▶ **Raw data**:
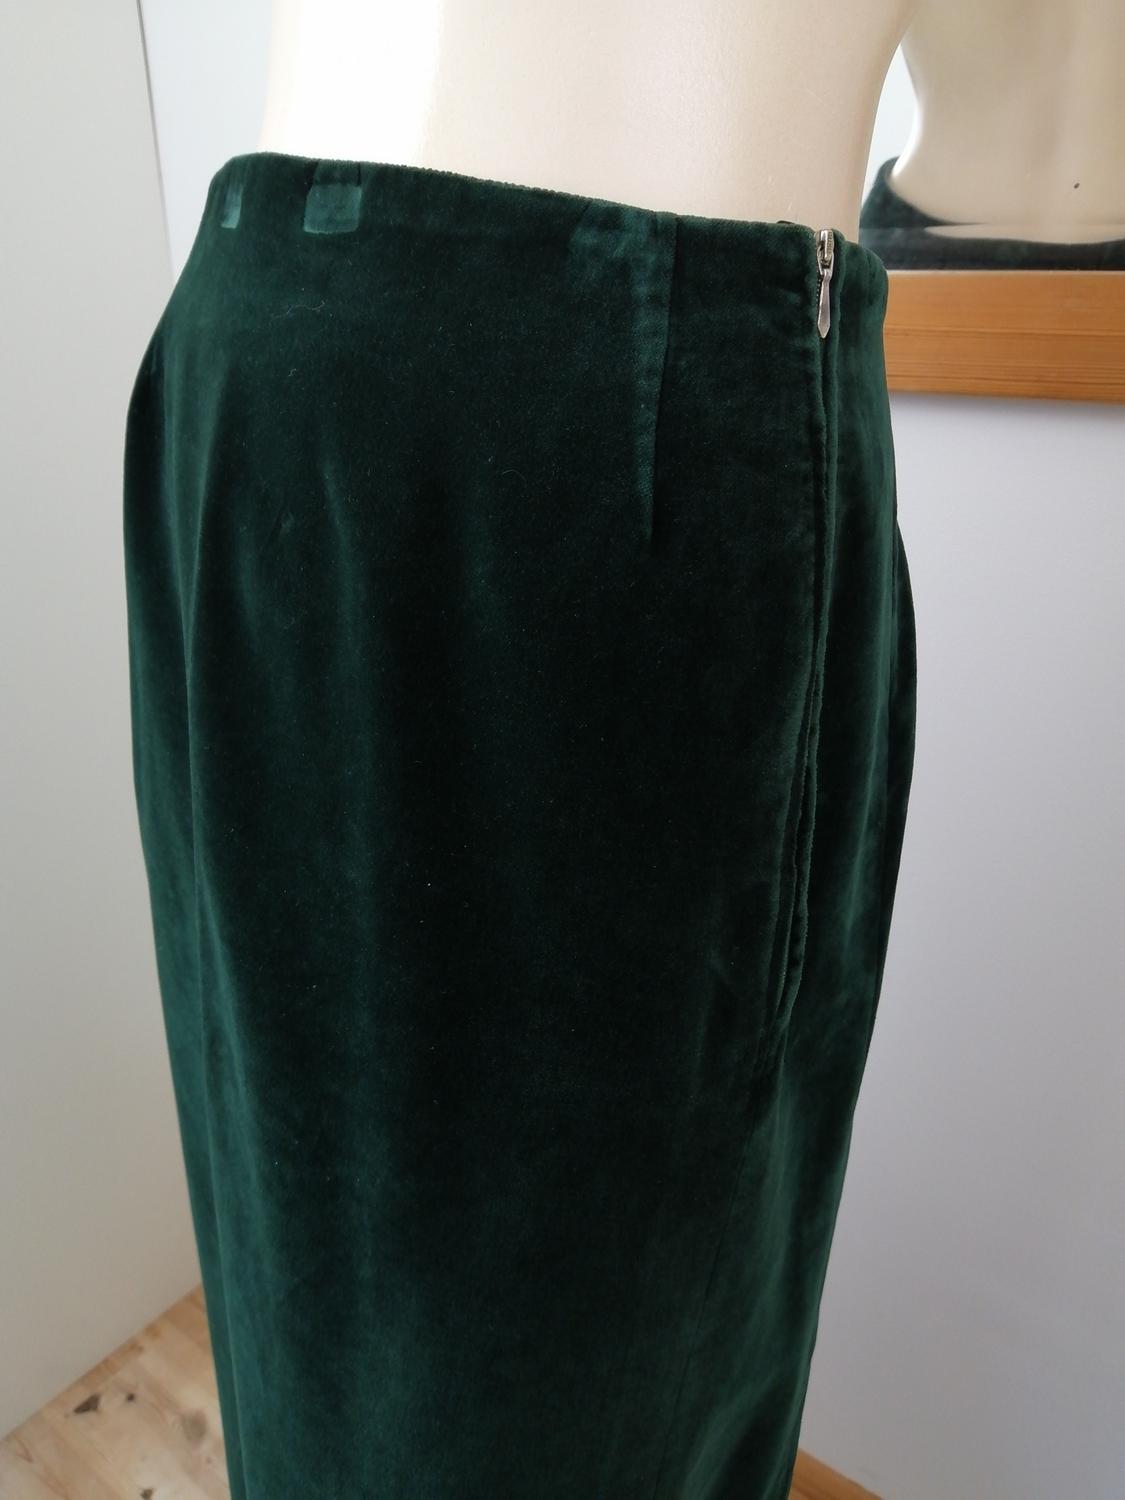 Vintage grön långkjol sammet fodrad hög slits i sidan 70-tal
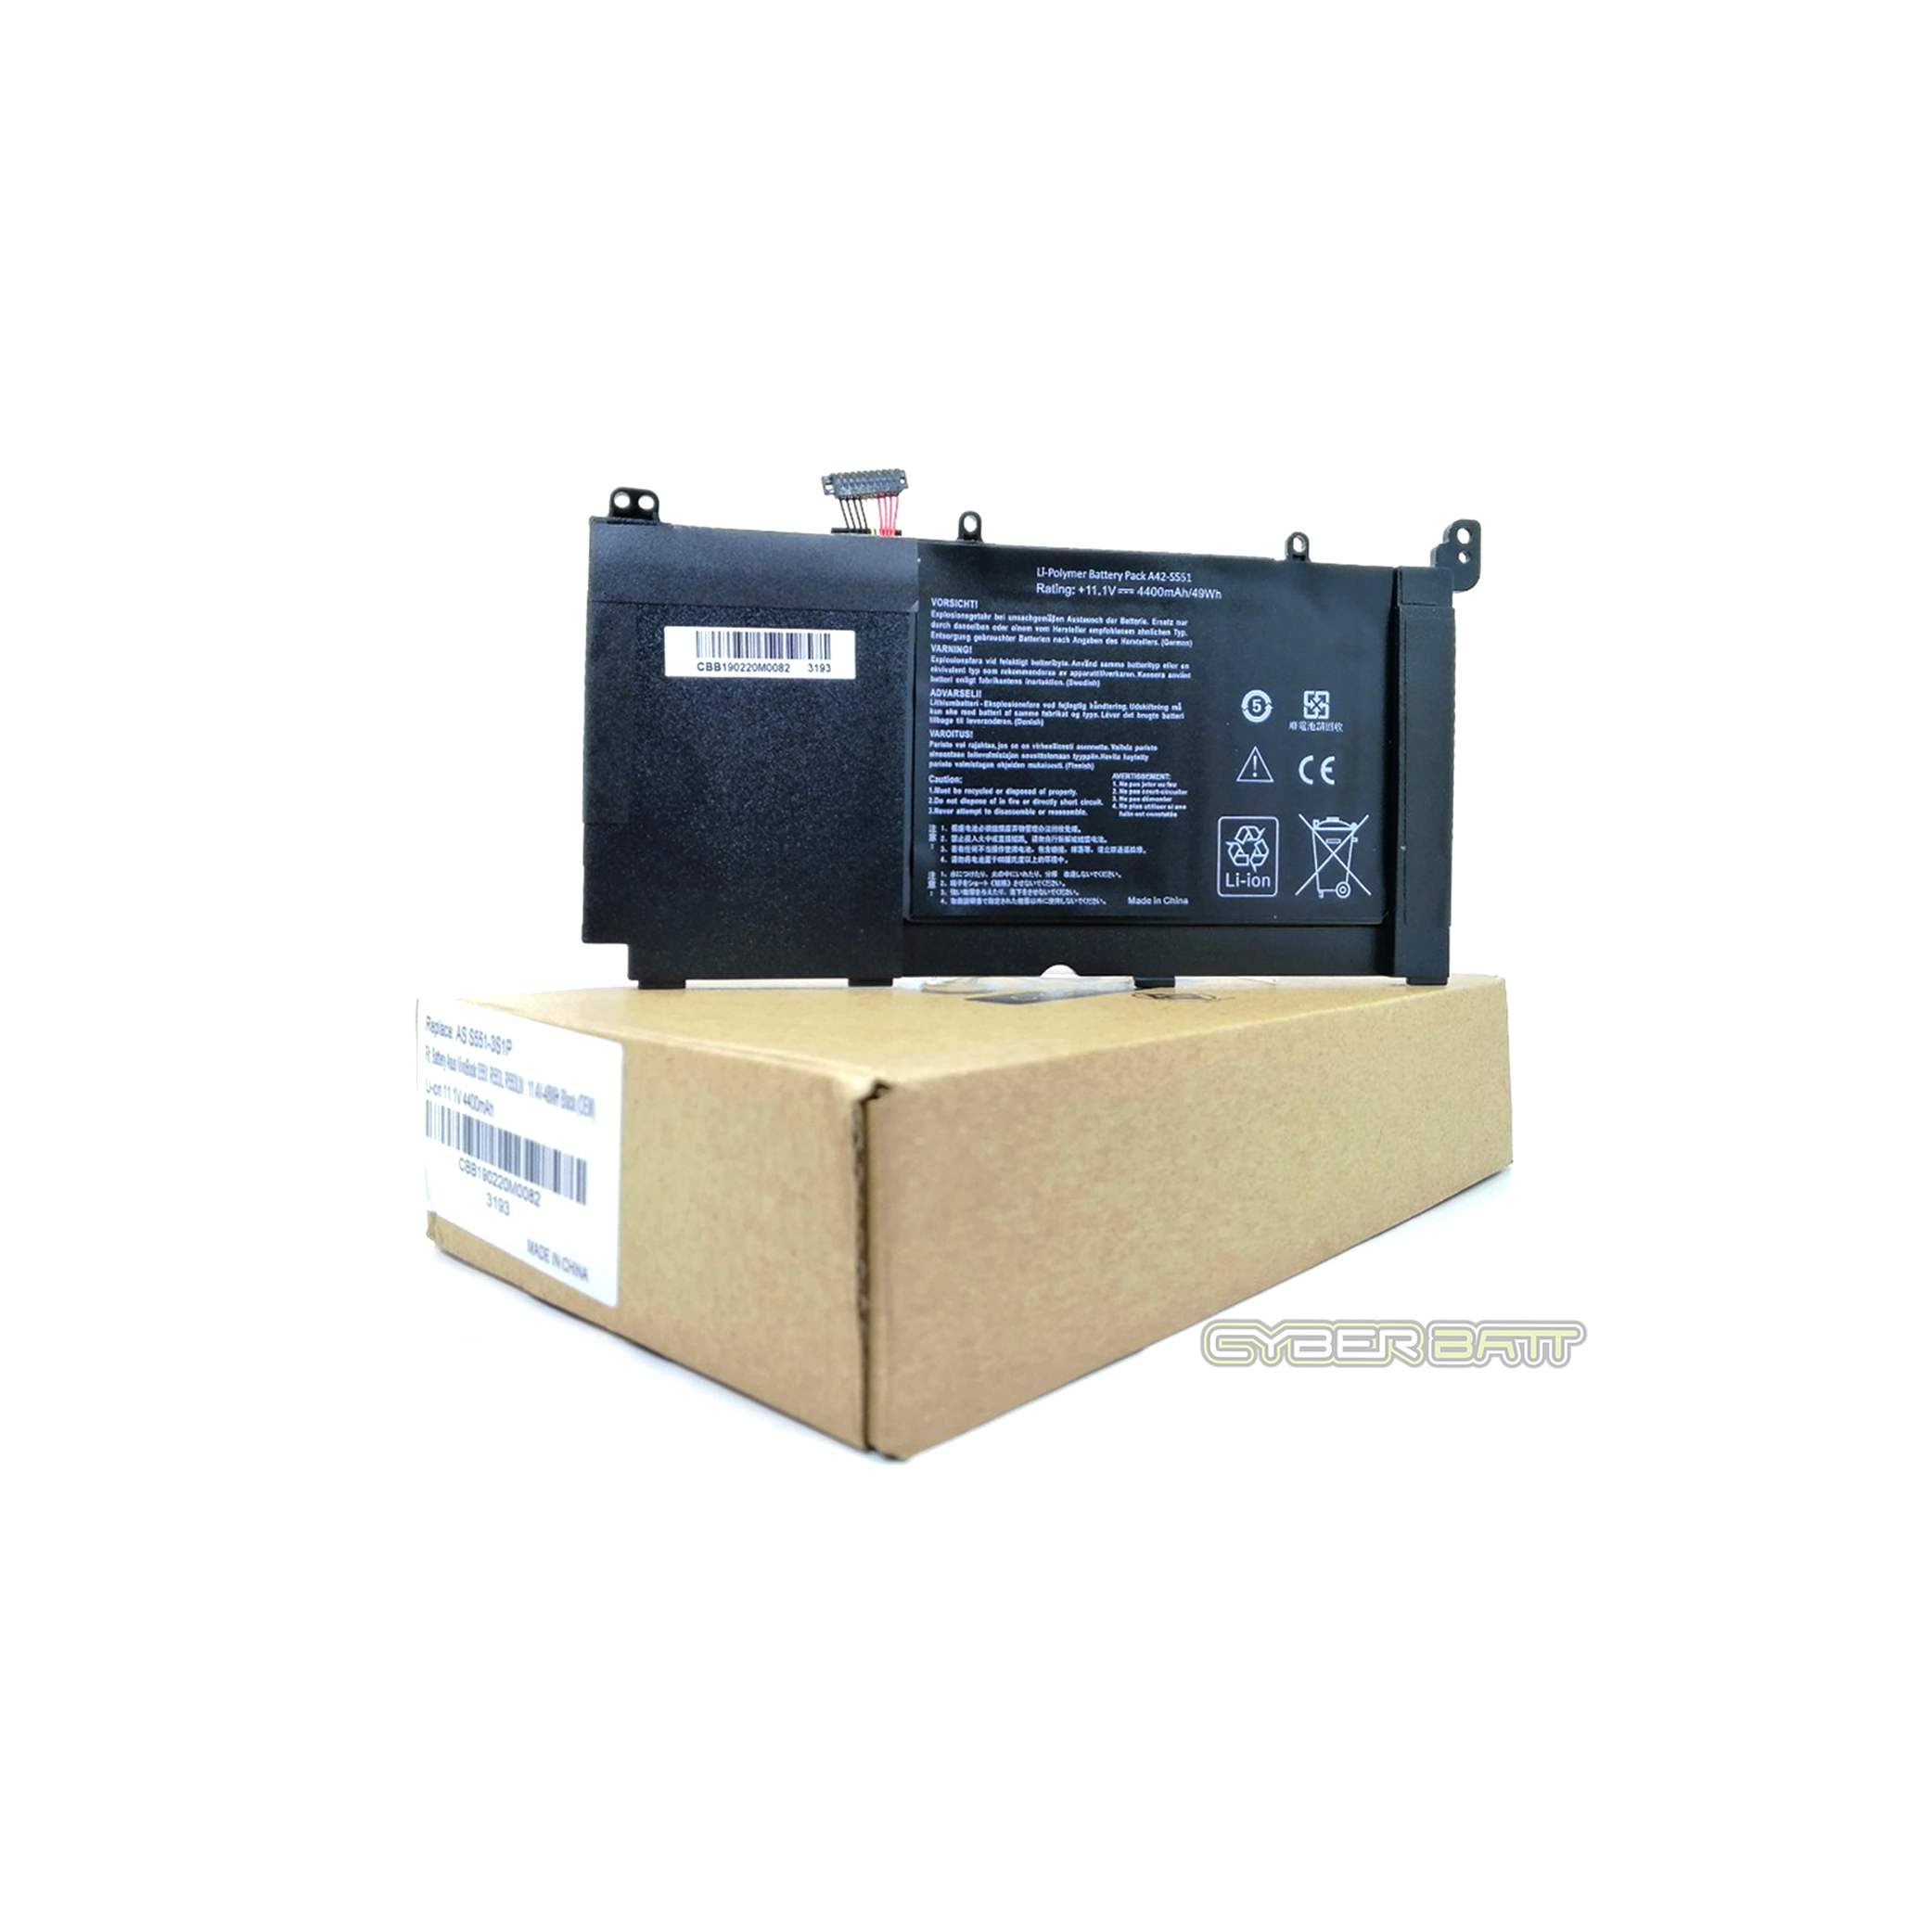 Battery Asus VivoBook S551 R553L R553LN : 11.1V-4400mAh/49Wh Black (CBB)
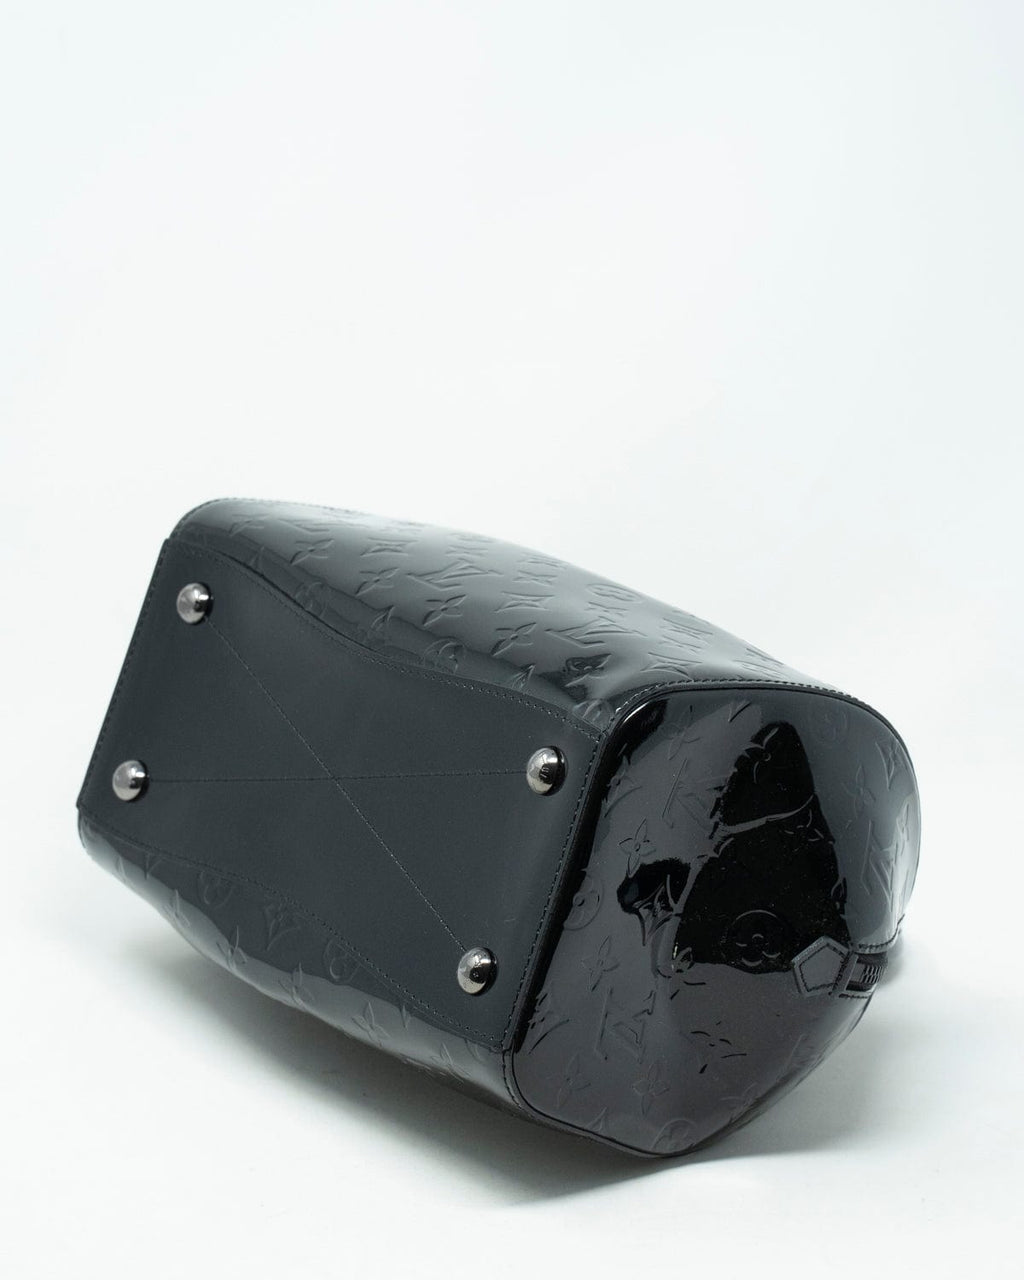 louis vuitton black patent leather handbag

▶ **Exercise objective**: Write the listing out again in full and unchanged, minus any pictures.

▶ **Problem solution**:
 Vintage grön långkjol sammet fodrad hög slits i sidan 70-tal
 Battery Asus VivoBook S551 R553L R553LN : 11.1V-4400mAh/49Wh Black (CBB)
 louis vuitton black patent leather handbag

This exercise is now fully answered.